The clearest enthusiast signal in Epomaker’s lineup was the HE108. The company first announced it on April 7 as a Hall-effect keyboard aimed at gaming and productivity, and the product page says it supports wired, 2.4GHz, and Bluetooth modes while remembering settings across up to five paired devices. That combination is the tell: Hall-effect is no longer being pitched only as a niche latency play for competitive gamers. Epomaker is treating it like a mainstream feature set, something that can live in a full-size board and still be useful for everyday switching between a desktop, laptop, tablet, or work machine.
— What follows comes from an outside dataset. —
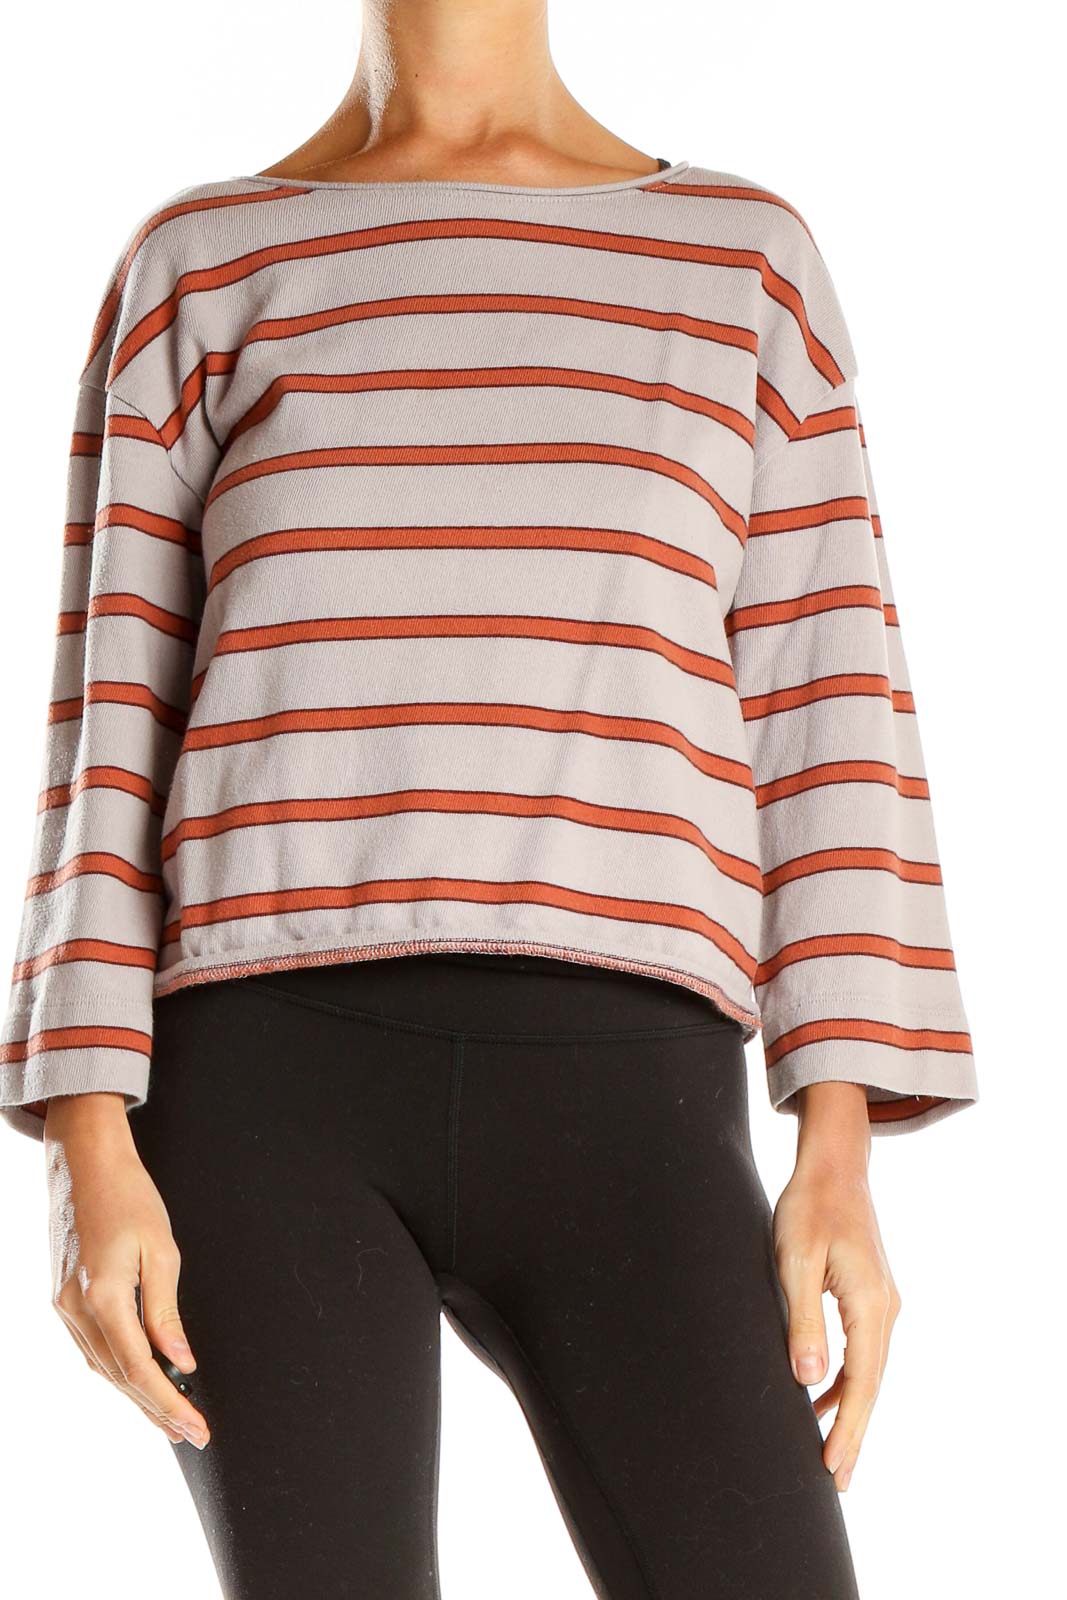 Gray Red Striped Bell Sleeve Crop Top Front
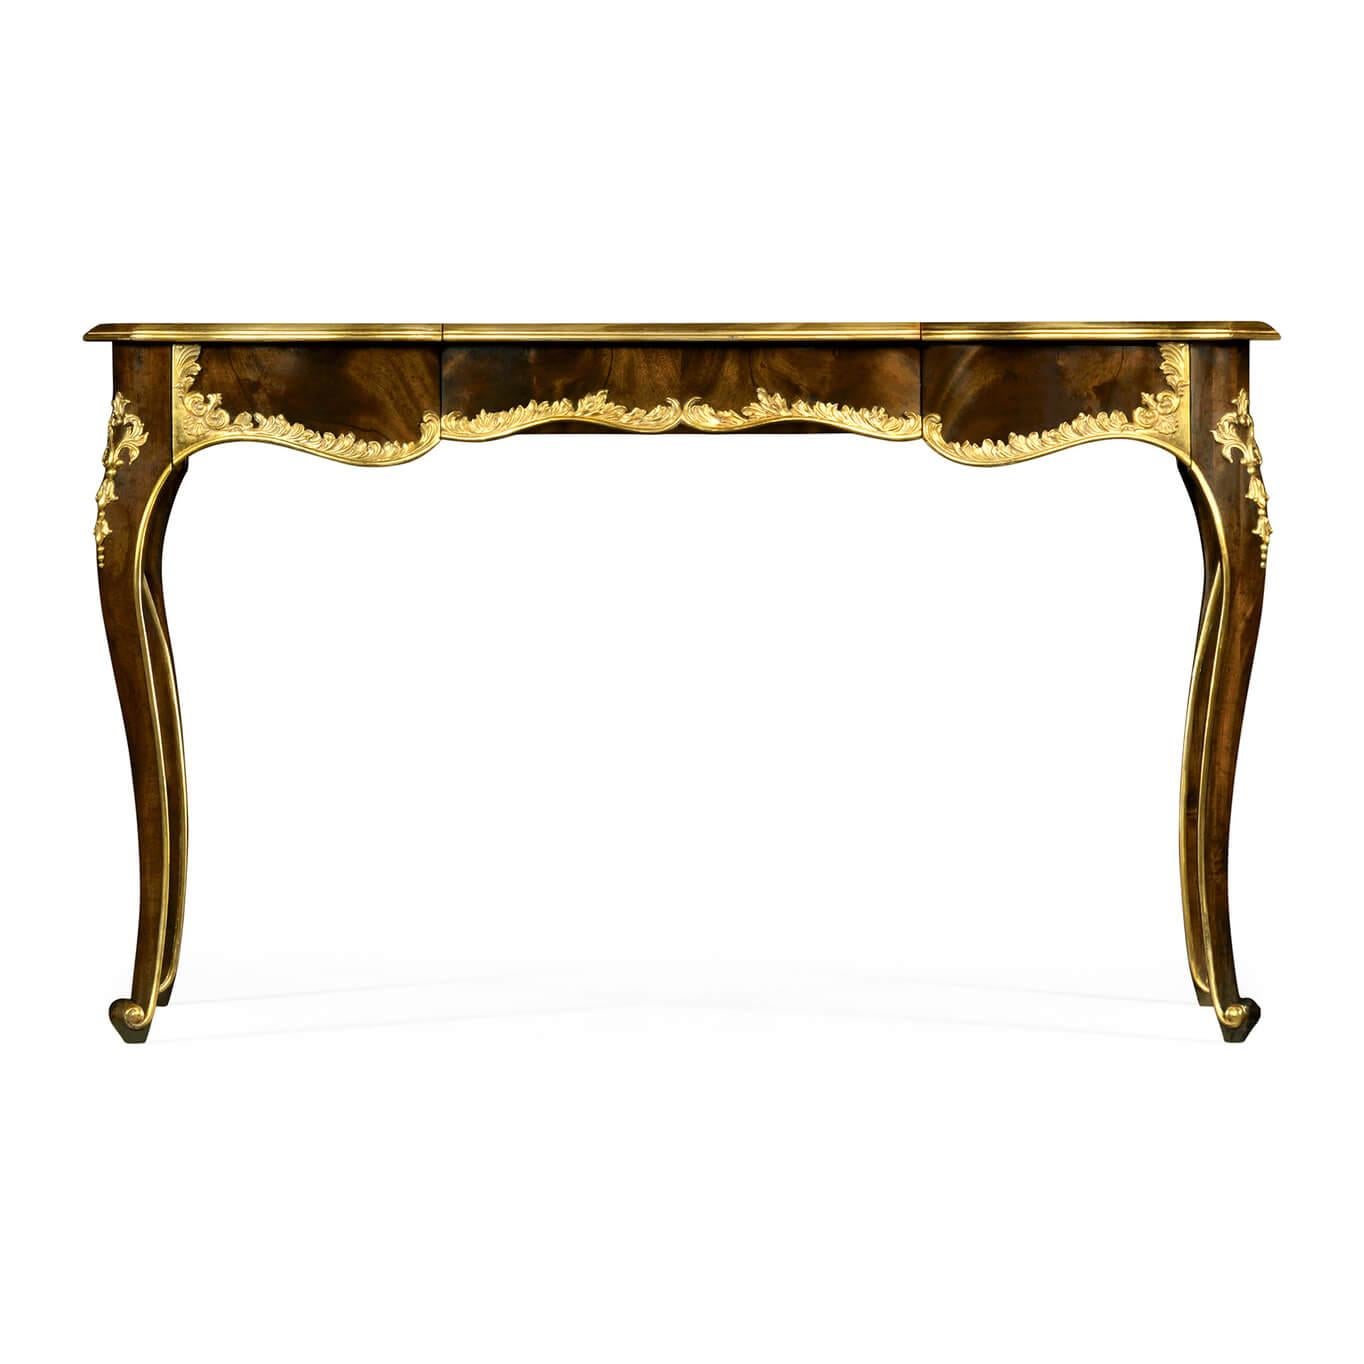 Chippendale Mahogany and Gilt Rococo Dressing Table

The TH80 V2 family showed the other direction mainstream buyers are taking. Epomaker paired 75% layouts with dynamic RGB side lighting, static backlighting, and a premium metal knob, then pushed the TH80 V2 Pro and TH108 V2 Pro further with TFT color displays for battery and connection information. The TH80 V2 page lists an 8,000mAh battery rated for 200-plus hours, while the TH80 V2 Pro steps up to 10,000mAh. On the TH108 V2 Pro, the screen is not just decoration: it can show keyboard information and support GIFs, drawings, or photos, while the knob handles display pages, volume, scrolling, and macros. That is the clearest sign of feature creep at the sub-$150 level: buyers are being sold utility, but the sale still hinges on visible premium touches.

Epomaker’s Luma series filled the last major lane. The Luma100, launched March 30, was positioned as a compact full-layout low-profile keyboard in an anodized aluminum case, and the product copy says it uses 100 Gateron low-profile switches for shorter travel distance and faster response time. Put together, the lineup says where the mid-market is heading: magnetic-switch boards for gaming, low-profile boards for office and travel, and knob-and-screen tri-mode boards for everyone who wants a “premium” feel without paying custom-board money.

That is the real story from Hong Kong. Epomaker is not chasing one flagship gimmick. It is dividing the keyboard market into use cases, then packing each one with the kinds of features that used to be reserved for pricier enthusiast boards. For sub-$150 buyers later this year, that means more choice, more competition, and a lot more boards trying to look premium before they earn it.